--- Material shown ---
========================

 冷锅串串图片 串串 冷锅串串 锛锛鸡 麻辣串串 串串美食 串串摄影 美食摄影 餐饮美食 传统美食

========================

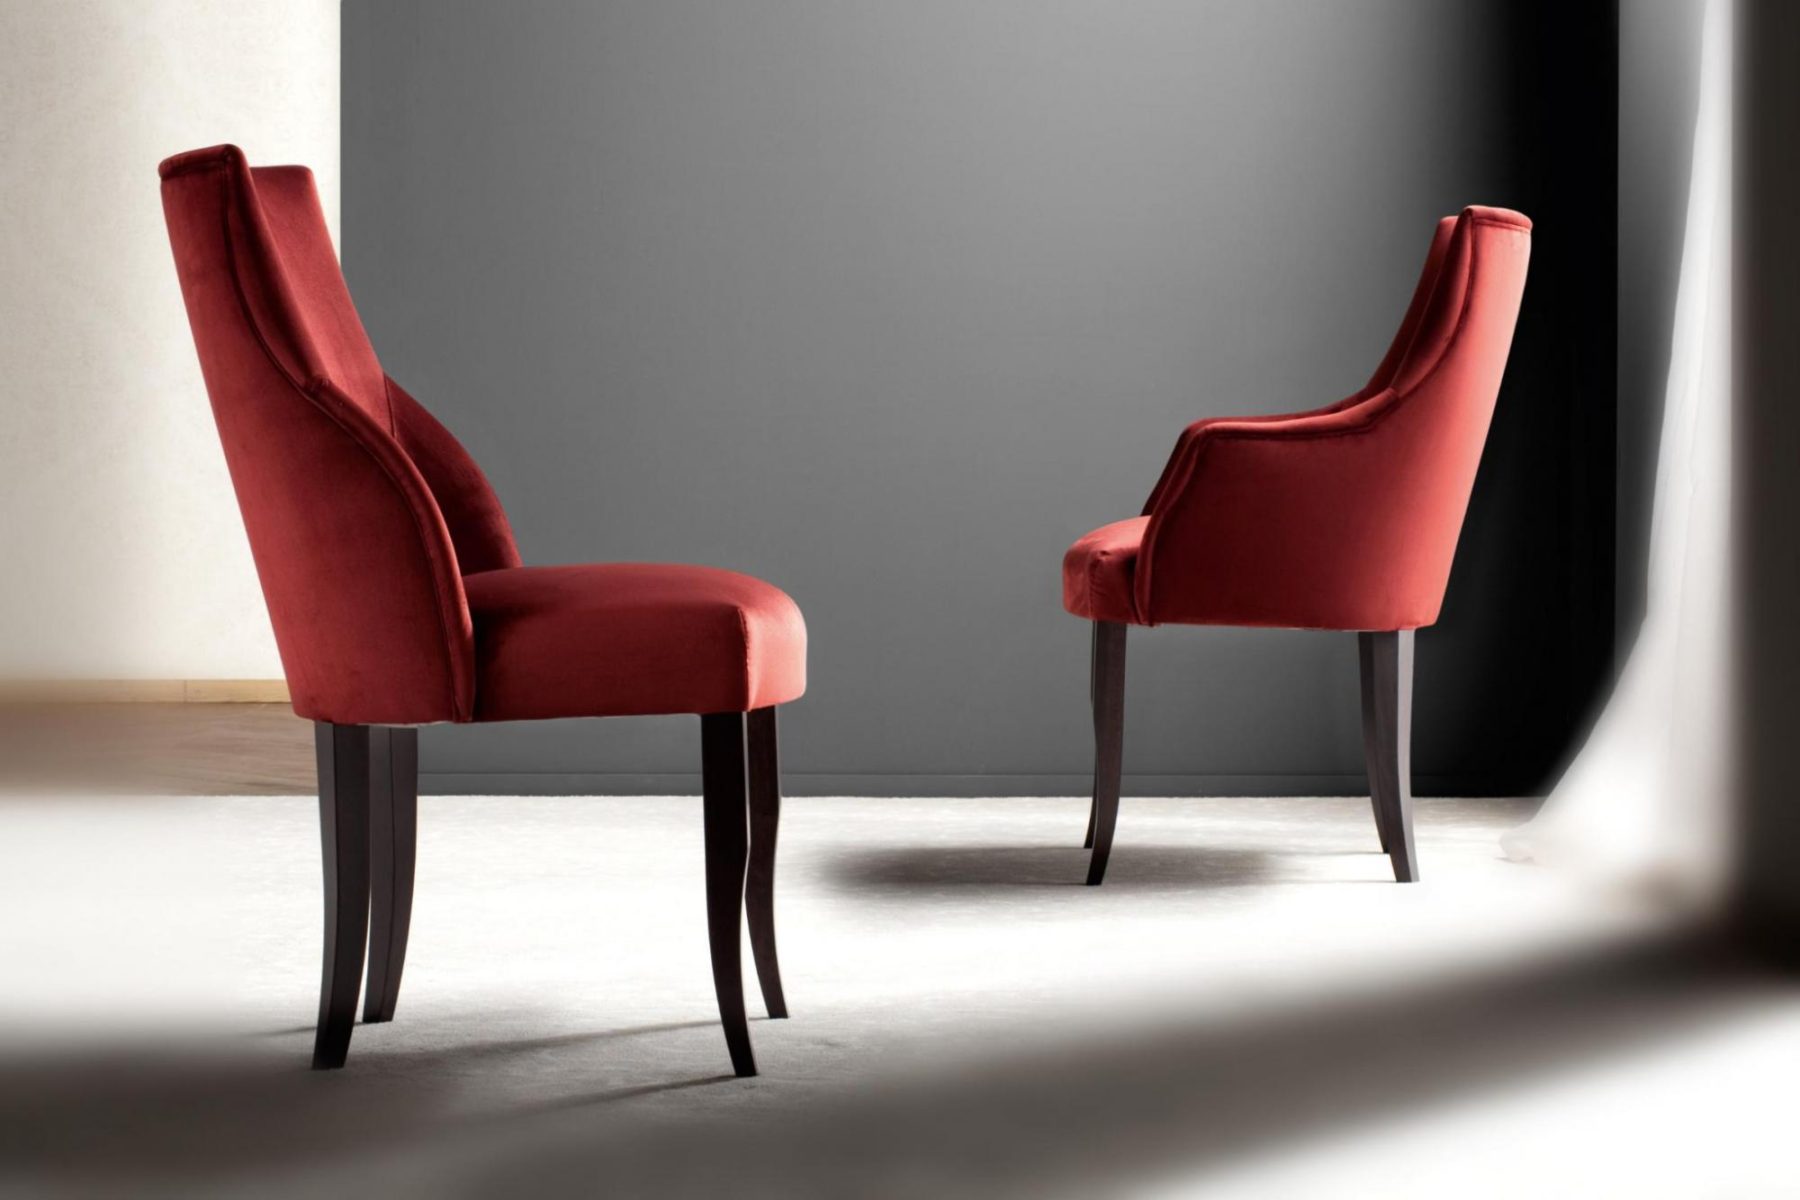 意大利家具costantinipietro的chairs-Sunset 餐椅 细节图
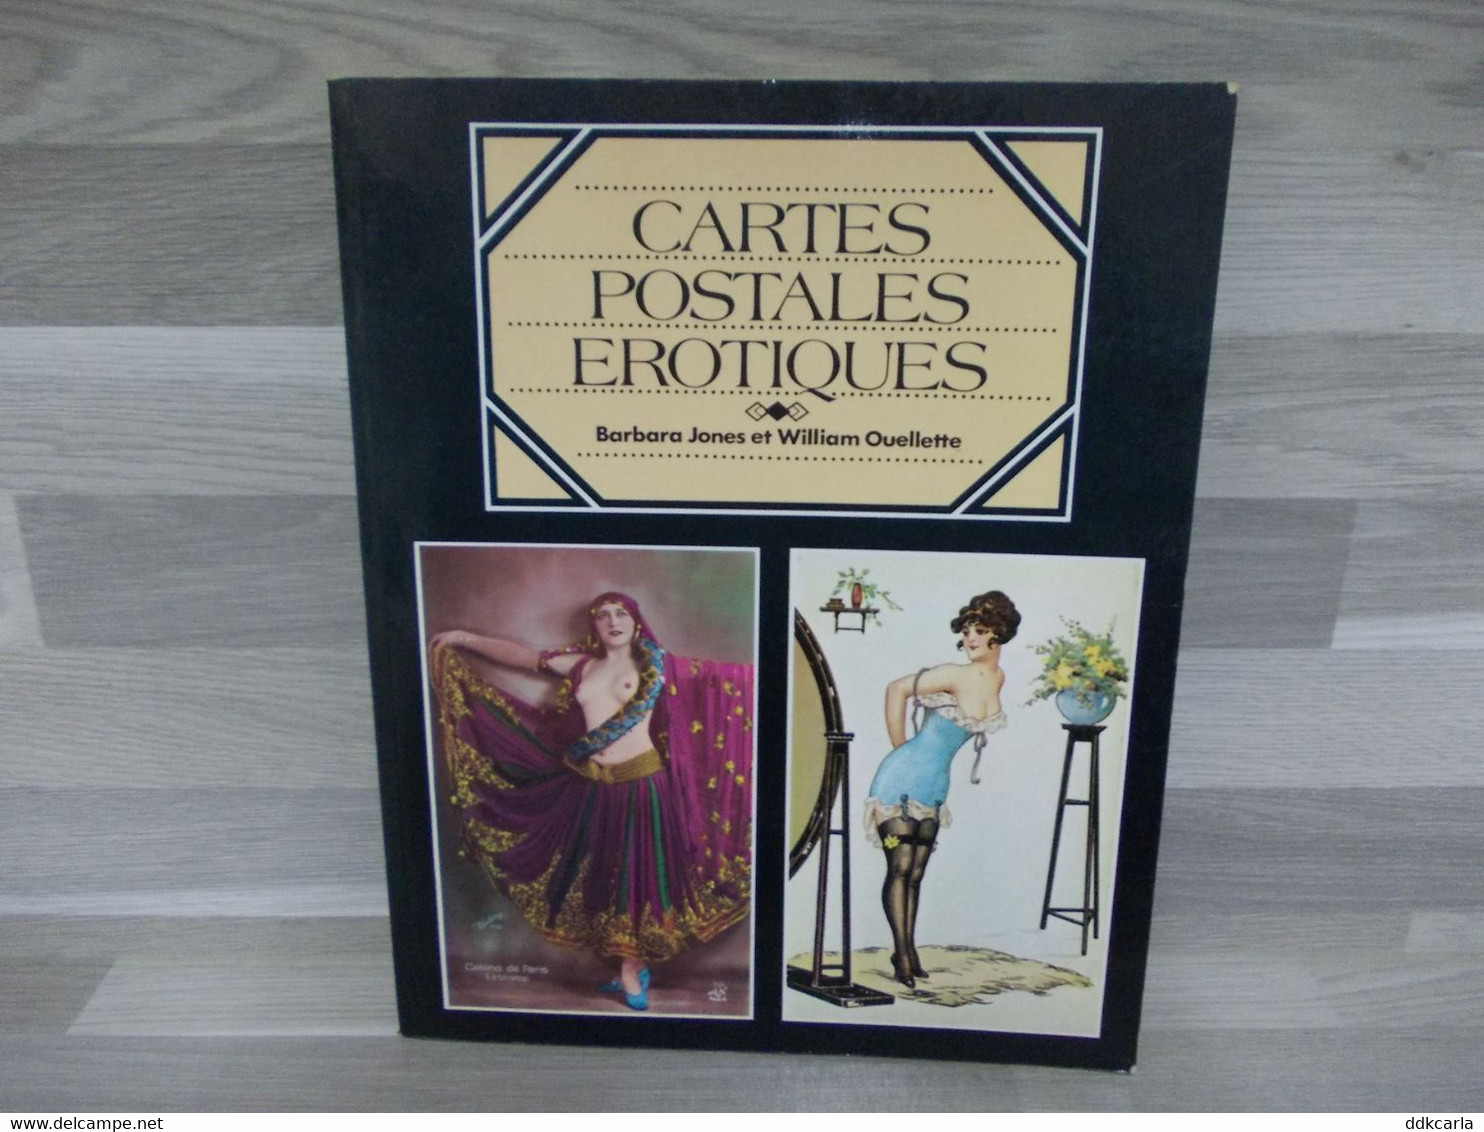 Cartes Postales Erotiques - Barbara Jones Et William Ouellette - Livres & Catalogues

========================

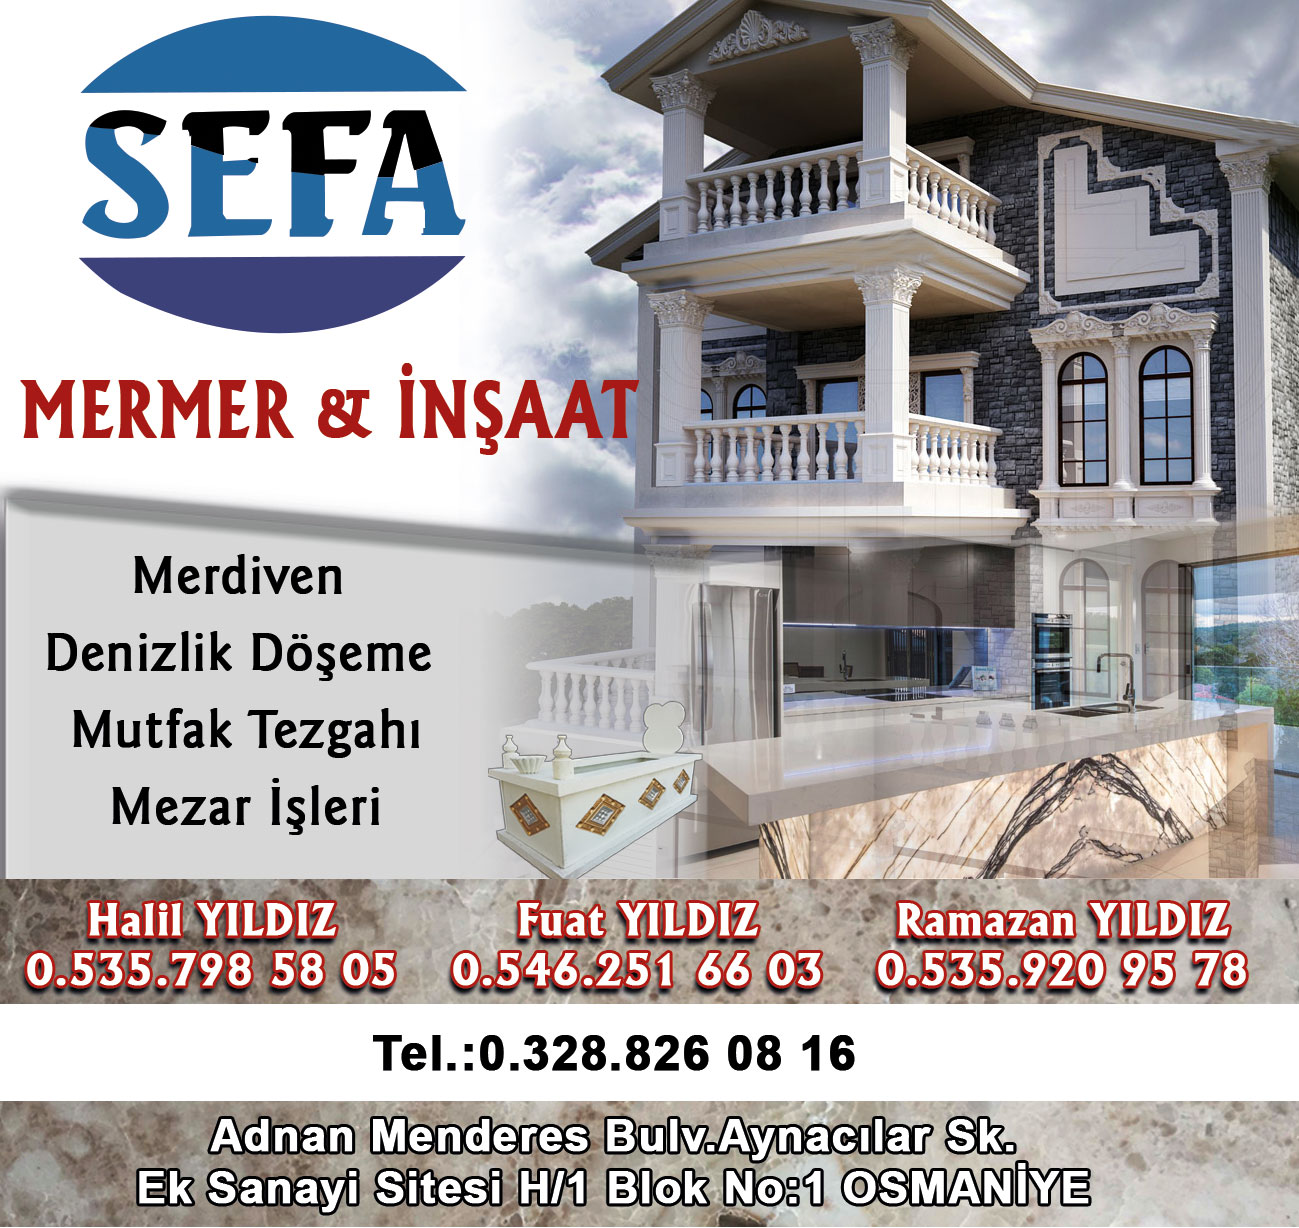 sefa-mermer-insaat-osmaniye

========================

--- Assigned task ---
Although pictures appear among the entries, please set down only the lines from the one with "意大利家具costantinipietro的chairs-Sunset 餐椅 细节图" up to and including the one with "Cartes Postales Erotiques", word for word.

--- Answer below ---
 意大利家具costantinipietro的chairs-Sunset 餐椅 细节图
 Cartes Postales Erotiques - Barbara Jones Et William Ouellette - Livres & Catalogues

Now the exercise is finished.